3 out of 5
Label: Rephlex
Producer: PP Roy
So I was hardcore collecting Rephlex Records at the time of PP Roy’s second release, though I was definitely sticking to the “like Aphex Twin” artists at first because the label had quite a catalogue to collect. Having gotten most of that under control, my new method was to continue collecting old albums from the used bins and nab anything new that came out. That way I could stay on top of it. Picking up PP’s “You Can’t Help Liking” (his first Rephlex thing) was a tip-off that maybe my understanding of the scope of Rephlex – or my tastes – was / were pretty limited.
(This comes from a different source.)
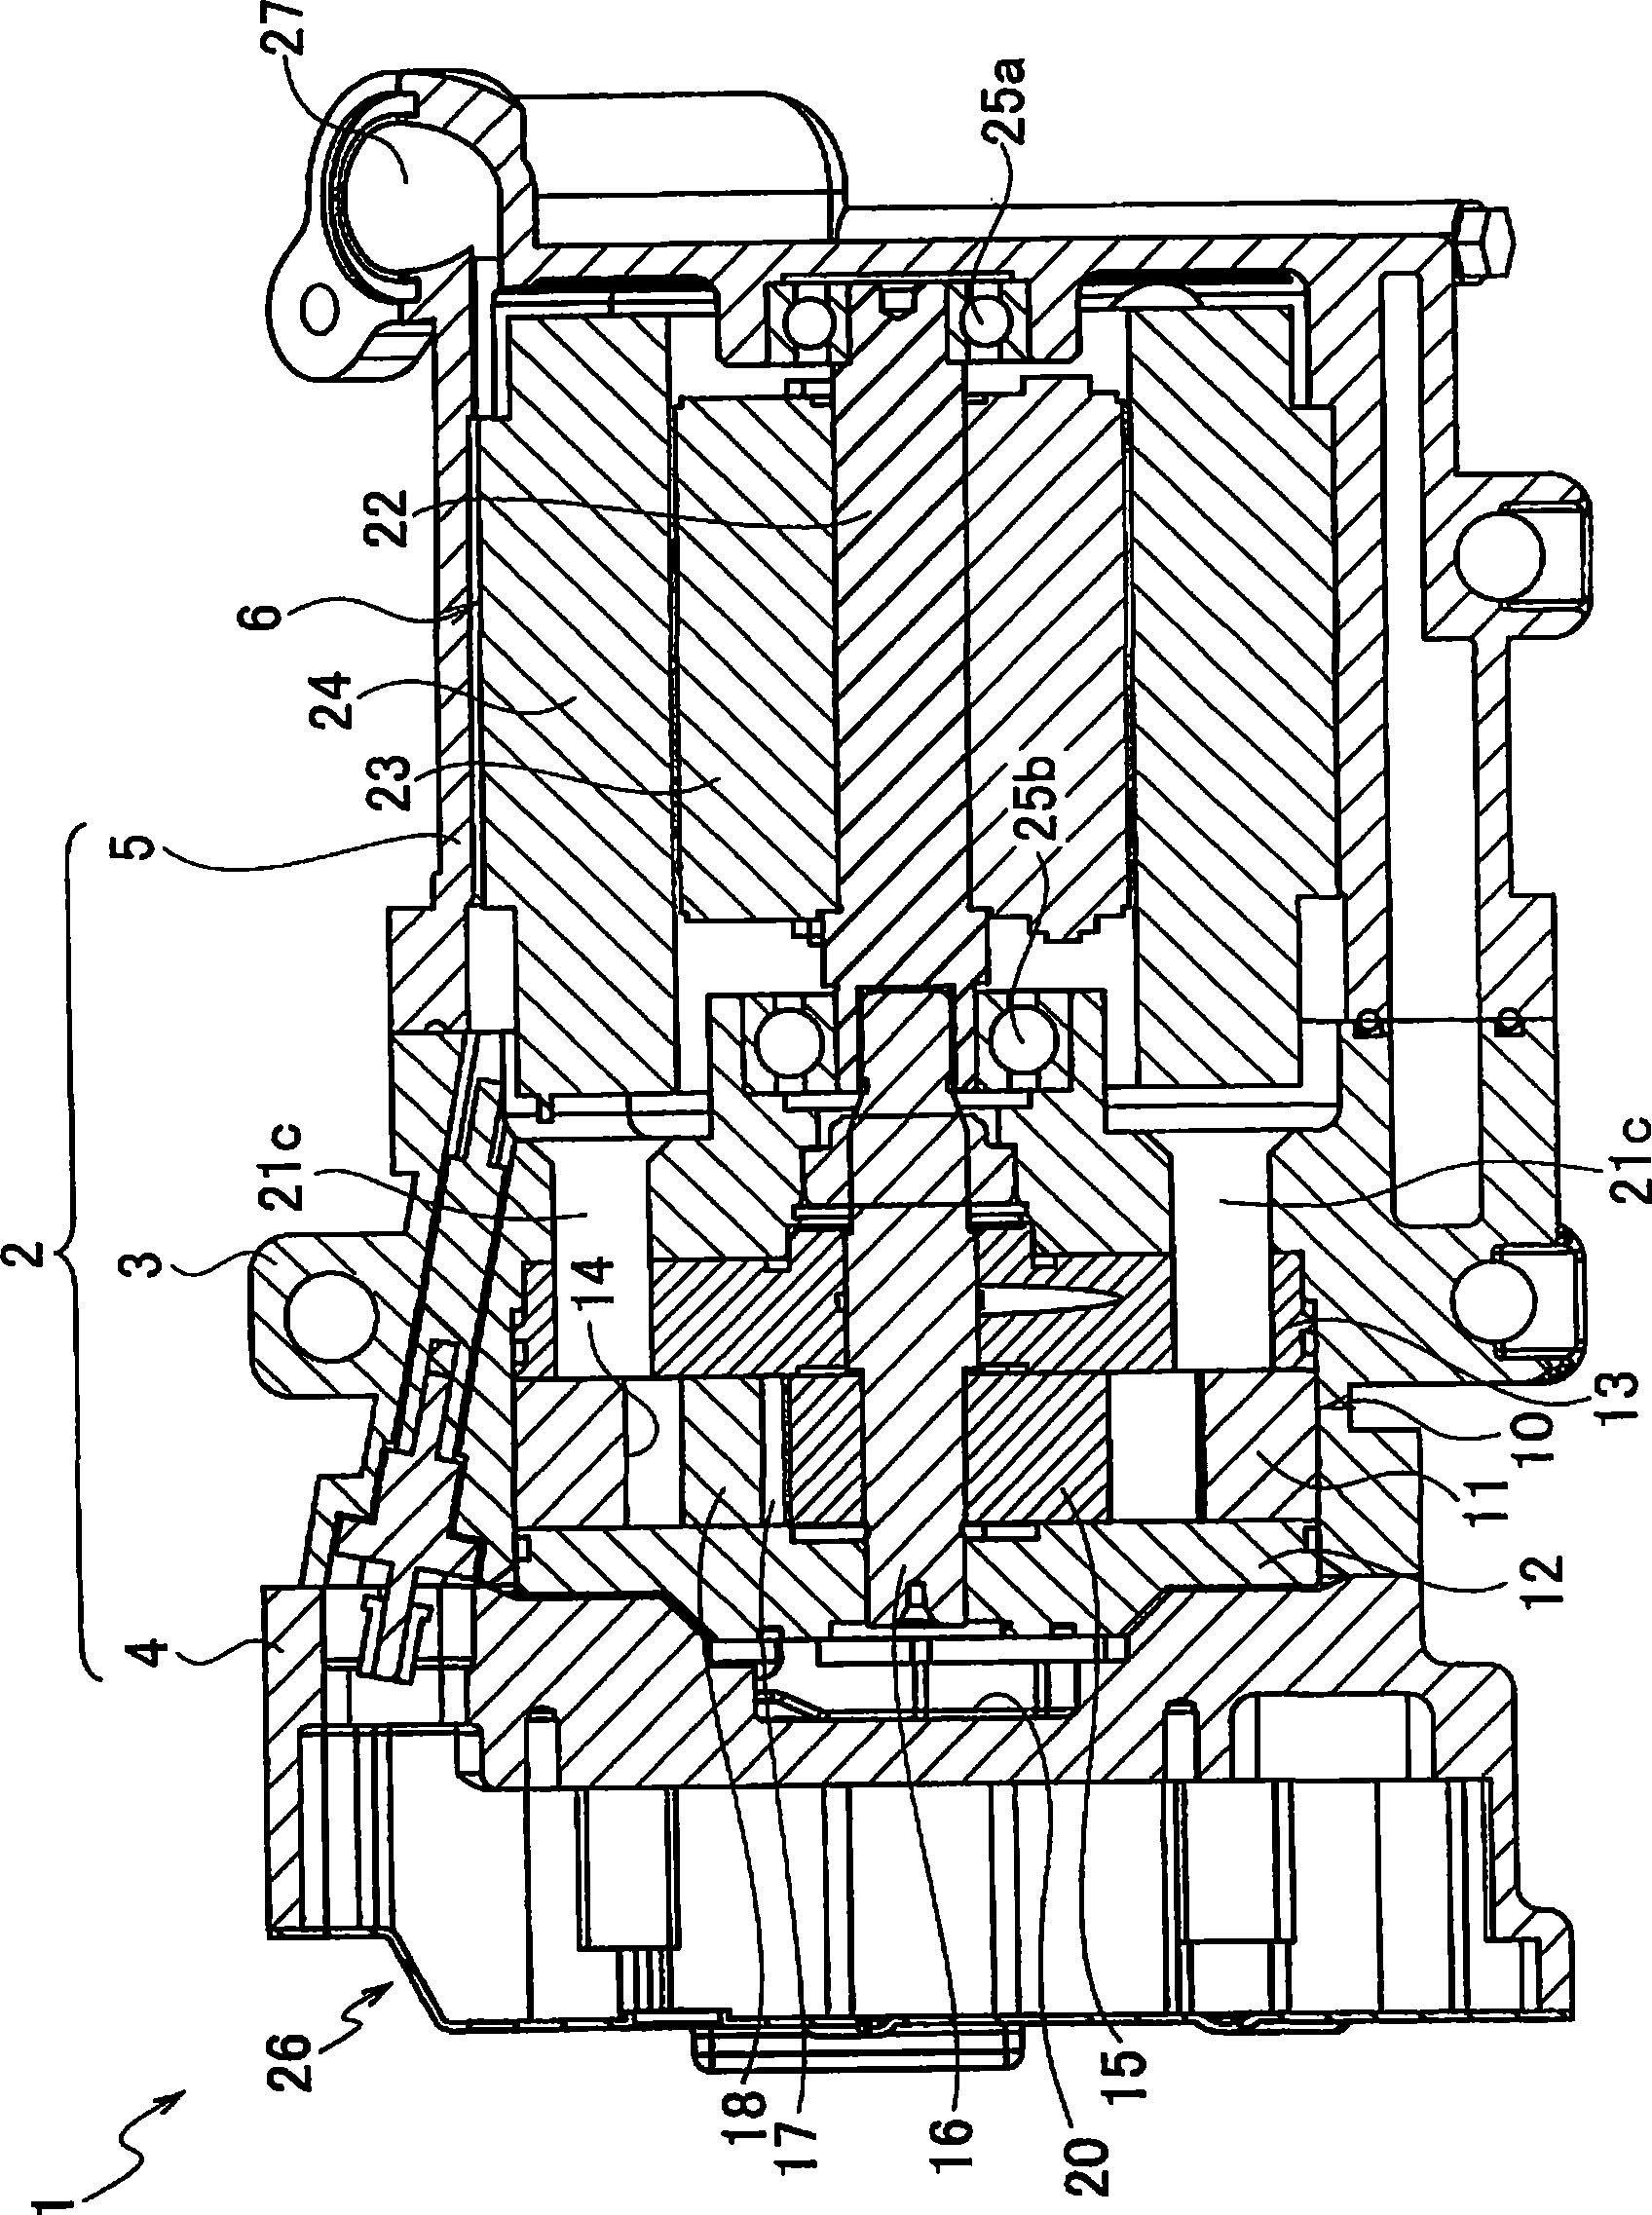 Vane-type compressor

The liner notes blabbed about PP being a radio DJ, and the album displaying his continuous mix abilities, or something, or something, this is all from memory. “Cool” says me, and pretends to dig it but actually never listens to it all that much (beyond a perfunctory spin), because it was pretty lacking in the IDM and leaned more on the quirky club stuff, which generally ain’t my bag.
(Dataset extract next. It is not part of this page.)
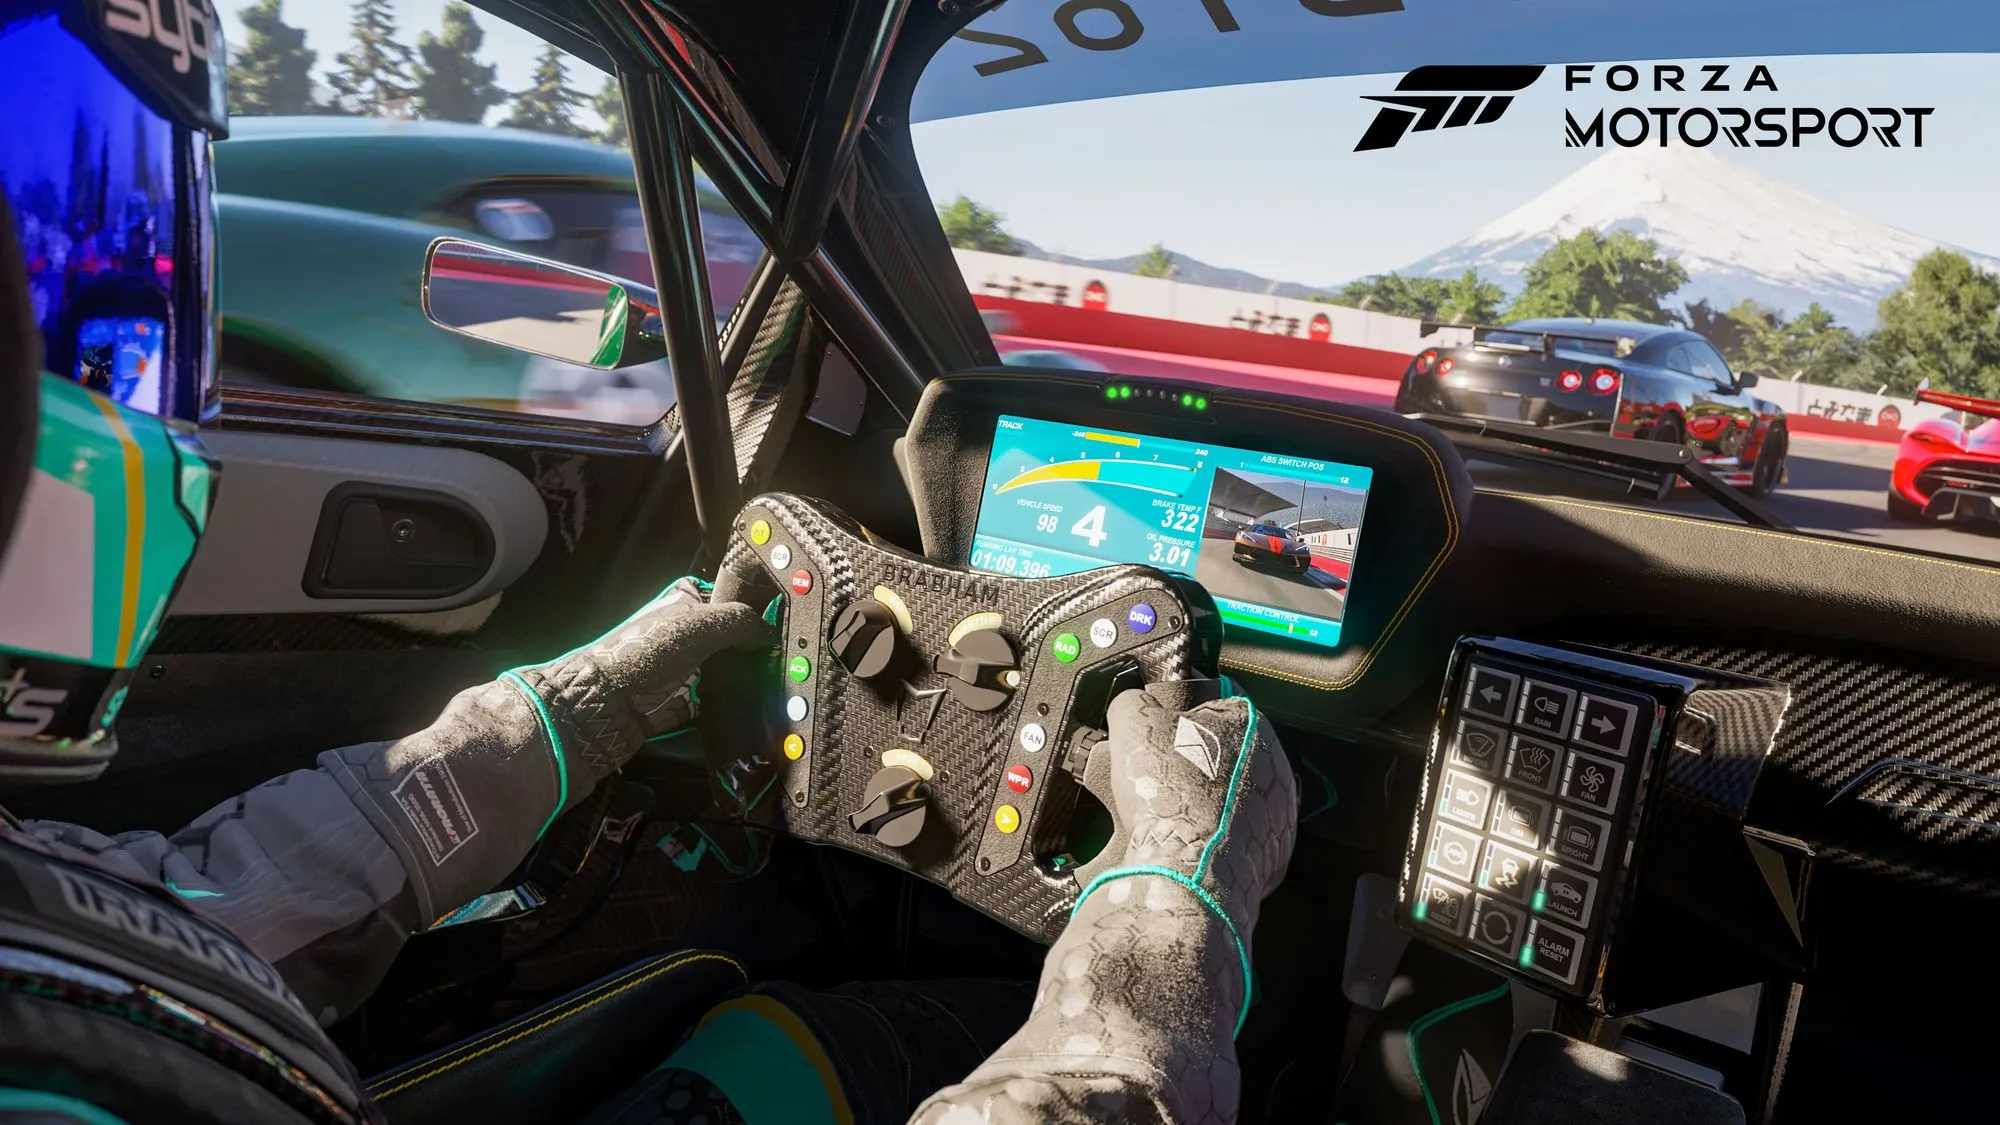 Forza-Motorsport-vue-cockpit

“Seven Up” came out, I bought it at a time that I was really starting to waver on Rephlex, and with the opening track “One Step” and it’s with-Global Goon followup “Working in Harmony” and I was back on board – I was convinced the label was gold forever and I went back to listen to “You Can’t Help.” …And didn’t like it. …And didn’t really listen to Seven Up all that much thereafter. Why?
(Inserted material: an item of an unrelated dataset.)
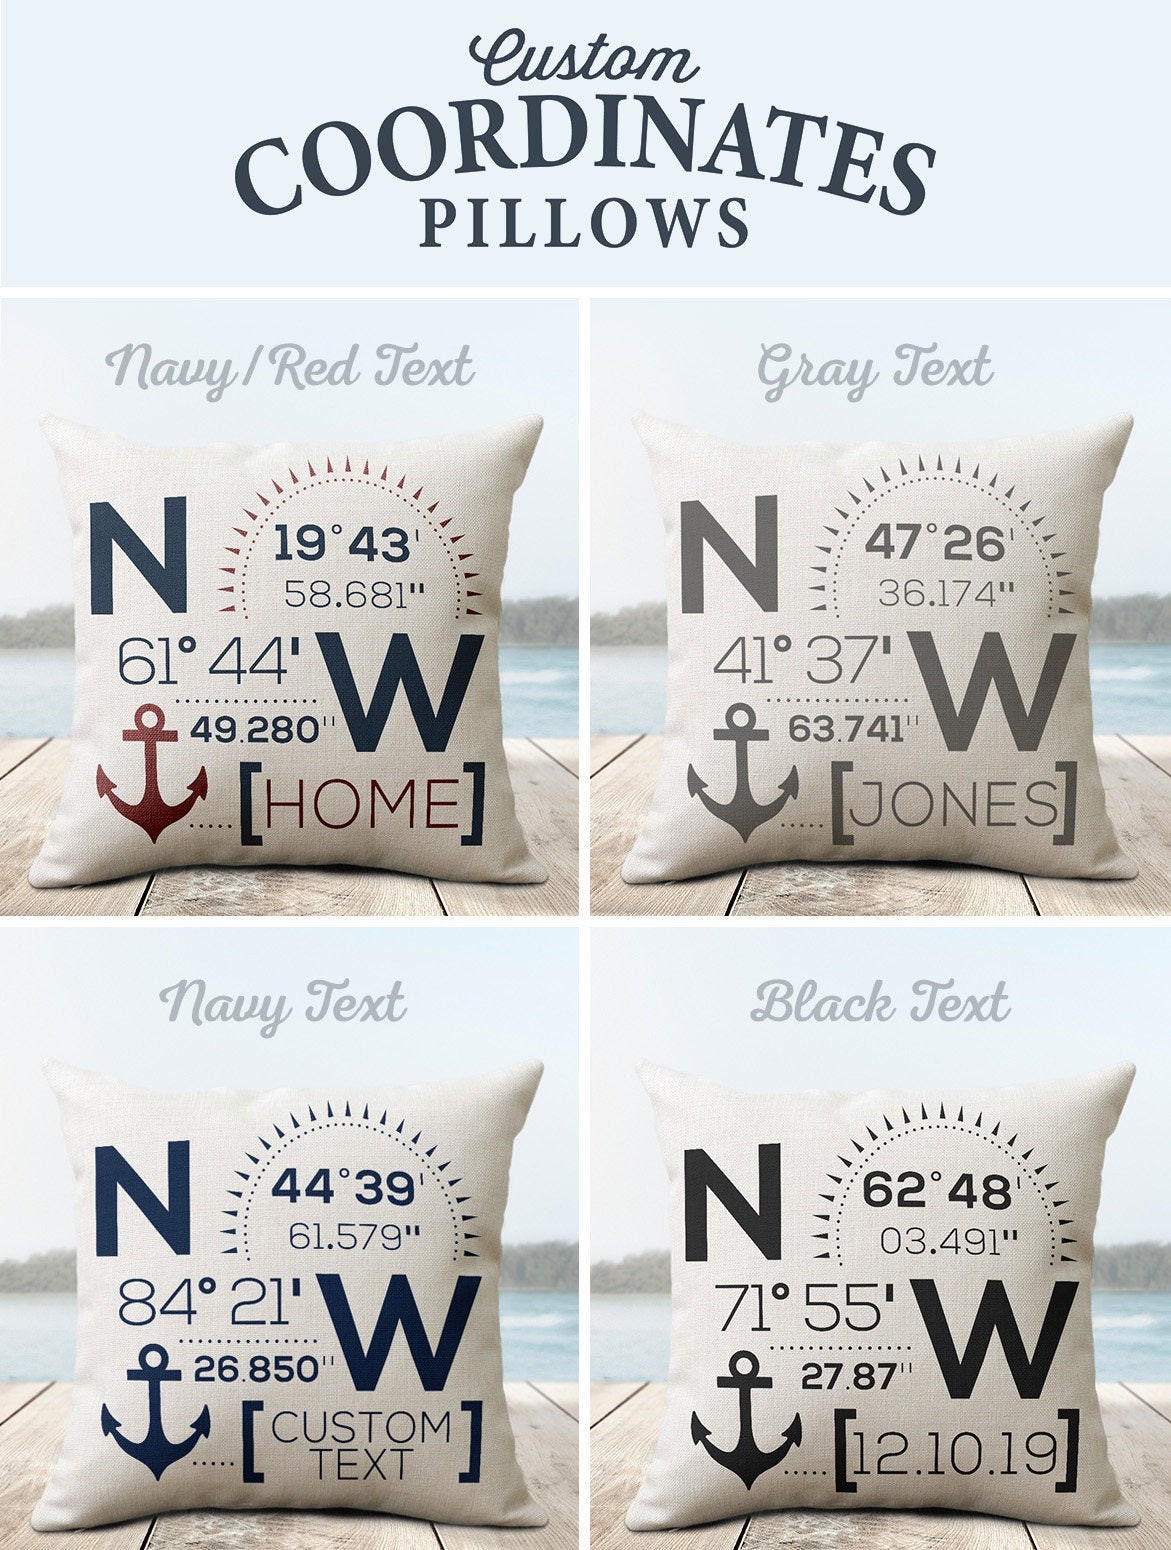 Fennco Styles Nautical Design Decorative Throw Pillow - Navy Blue Cotton  Coastal Pillow for Home, Couch, Living Room, Bedroom, Beach House Décor

Track five, “Alive,” is a pretty good indicator. With its constant danceable beat and disco-esque vocal sample, this is still club stuff. The first track is totally out of left field IDM and the G.Goon pairing smooths Roy’s poppy beats into the more groove stuff that the Goon works with, and it sort of tricks your ear for what follows. Because it is different from “You Can’t Help,” which did, absolutely, sound like a DJ flipping between samples – it’s more composed (although the latter half of the EP slips back into that radio vibe), it’s less of a composite sound and closer to something you could identify with the artist, if he’d kept making music as such, but it’s… it’s dance. It’s Air. It’s safe, it’s ‘sexy’ in the fun way that Spin Magazine might like, if the release had generated any press whatsoever. So it’s just pretty empty, despite having a great jam to start and some good ideas laced throughout.